I usually compare the portions on the label to what the Canada Food Guide calls for... it's posted on my fridge. Since I count calories I also often figure out how many portions of certain things I can get away with :P Things like cottage cheese, milk, eggs, and crackers... for whatever reason they're my weaknesses.
First, congrats on your pregnancy!! It sounds like your doctor is helping you plan well to maximize the health of your baby but minimize excess weight gain. (When you start off bigger, it's perfectly fine for the baby if you don't gain much as long as you are eating high quality calories).
As for portions, while I hesitate to recommend processed foods, I have to say that eating Lean Cuisines was a big help for me in re-setting my concept of portion size. I haven't been eating them this time, but I have in the past and I think that I was able to adjust my mental size of a portion a bit better. When you first start eating something like that, they seem tiny but esp. if you add extra veggies and/or a salad, they really can fill you up. But I do think it's healthier to not eat such heavily processed foods, so I think it comes down to using your food scale constantly and training yourself in the same way that Lean Cuisines helped me. Even when you make your own food, portion it out properly and then put the rest away. Promise yourself that even if it looks like not that much food, you can have more to eat if you are really hungry 30 minutes later. Chances are very, very good you won't be! But if you are, add some extra veggies or a piece of fruit to your meal, and you should start finding a good balance of calories that fits in your budget of 2100 and keeps you happy.
And yes, please completely ignore restaurant sizes! What you get on a plate for a single meal at a restaurant is frequently 2, 3 or even more servings.

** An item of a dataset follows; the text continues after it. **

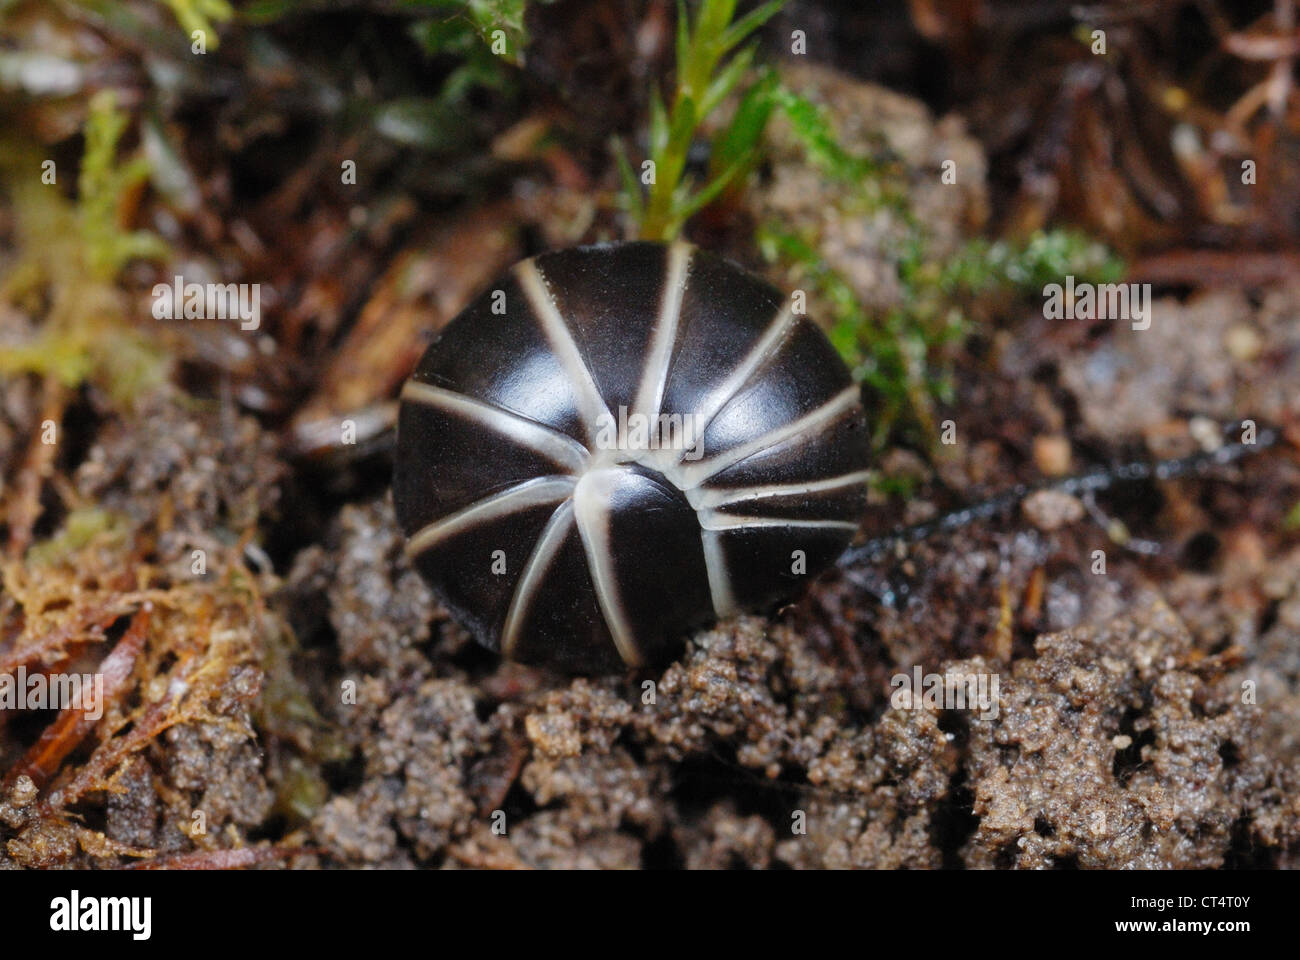 Common Pill Millipede (Glomeris marginata) curled into a defensive ball Stock Photo

Measuring cups and my normal plates/bowls. I poured water into the cup and the half cup, then poured them into my bowl, so I could SEE what a one-cup serving looked like, and what a half-cup serving looked like.
Took Play-Doh and put it in half a cup, then took it out and mounded it on my plate as if it's a pile of pasta or veggies. Same with one cup. (let Play-Doh dry so you have a permanent reminder!)
Portion control for me means to put 1 burger on my plate instead of automatically 2...I think since I started doing that several years back I have never had 2!
Making my plate in the kitchen instead of putting the food on the table, saving me from picking at it....
Eating chips out of a bowl instead of the bag....and putting the bag away after I fill my small bowl!
Realizing that when a recipe calls for 1/2 pound of cheese that doesn't mean I have to automatically double it!
Thanks everybody for all the wonderful suggestions!!!! I am going to work on the calorie counting, and I'm doing good on the scale, it really helps! I went out and bought the little measuring spoons that measure Tbl and tsp, and i think they are going to come in handy! I am also going to go to Walmart this weekend and look for the divided plates, I didn't ever think of that, but I know I can do it! I will keep working at it!! THANKS SOOOO MUCH EVERYBODY!!!!!
This sounds crazy, but I used to get really, really agitated when there was something I couldn't count. It took ten years for it to occur to me that when I can't count it accurately, I can (and should) opt to not eat it. It's like my brain always made the choice to eat something first, and once that had been decided I couldn't "go back" on that choice when I realized that for whatever reason, it would be hard to count accurately.
Now, if I am stuck in a situation where I need to eat something and have to make a spur-of-the-minute choice, my FIRST consideration is "what can I count?" I only think about "What looks healthy?" and "what looks good?" AFTER I've narrowed it down.